The ILO has already followed this strategy by signing an agreement with the UNDP last February, in accordance with the “delivering as one” model advocated in the report by the high-level panel on United Nations system-wide coherence, published in 2006. Several other initiatives, taken even before 2006, follow the same line, for instance the ILO-FAO agreement.

In this context, I would recall the importance of the United Nations agricultural pole in Rome, which comprises the FAO, IFAD and the WFP, considering that these United Nations institutions might become valuable interlocutors in setting up Decent Work Country Programmes.

The synergy and strategic integration called for by the reform of the United Nations system should also work at our own level and help to achieve a common dimension in the action of our European offices within a more European perspective.

In this regard, the future of the International Training Centre in Turin, a centre of excellence for training, highly appreciated by the Italian authorities, as acknowledged by the Italian President during his visit to the Centre in October 2006, deserves great attention from our European offices and a strong commitment to improving the training capacity of the ILO and of the whole United Nations system.

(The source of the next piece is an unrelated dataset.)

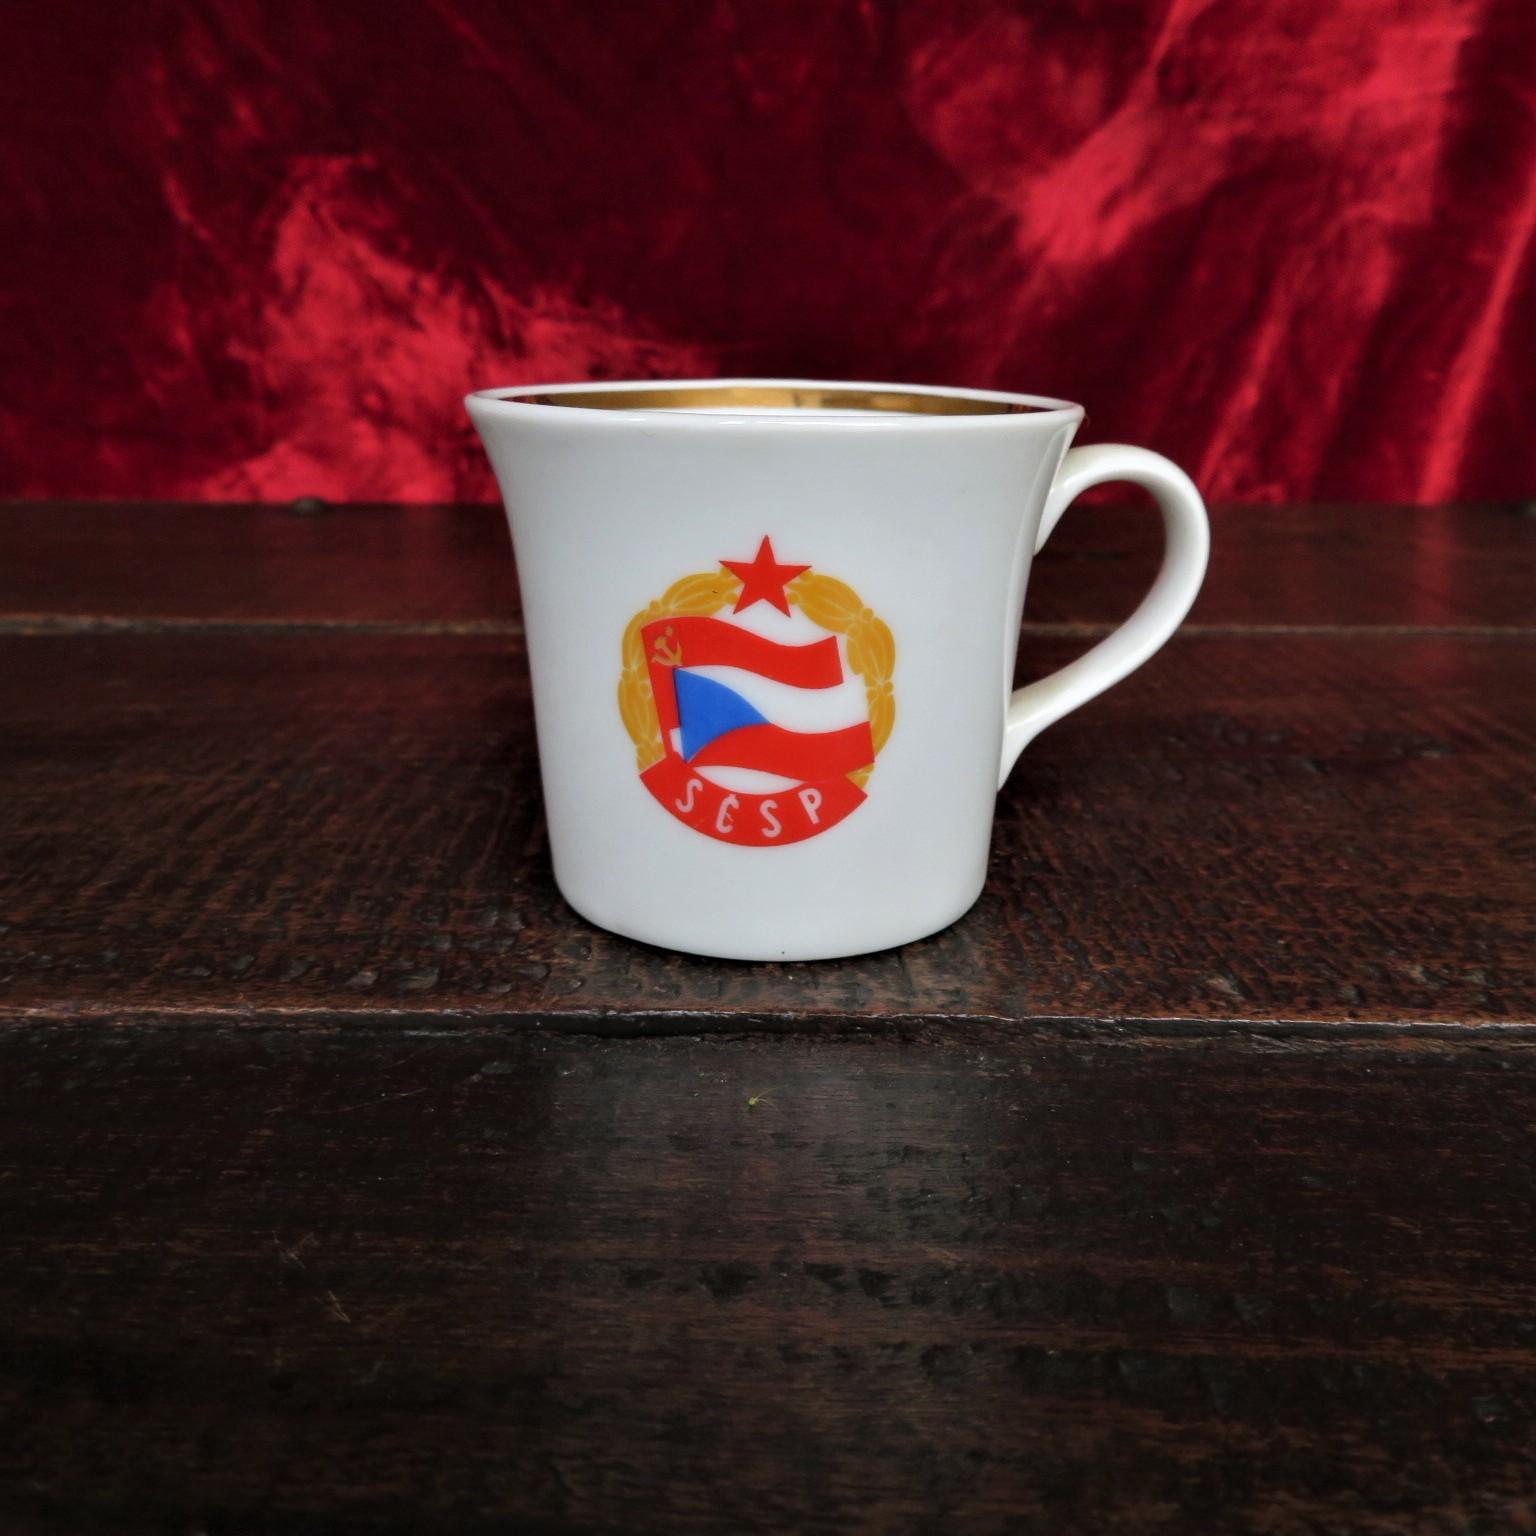 scsp-cup-czechoslovakia-1

This year, as in previous years, the agenda fixed by our Director Friedrich Buttler, will include a discussion of the priorities indicated by the Presidency of the EU. Successive EU Presidencies have converged more and more on a certain number of core issues. This is why the Italian Labour Minister devoted his contribution to “fle­xicurity”, an issue which is gaining relevance in the Eu­ropean debate on employment, and to the need for single States to adopt better harmonized measures in favour of decent work, measures that would reconcile the demands of the market with the protection of individual rights.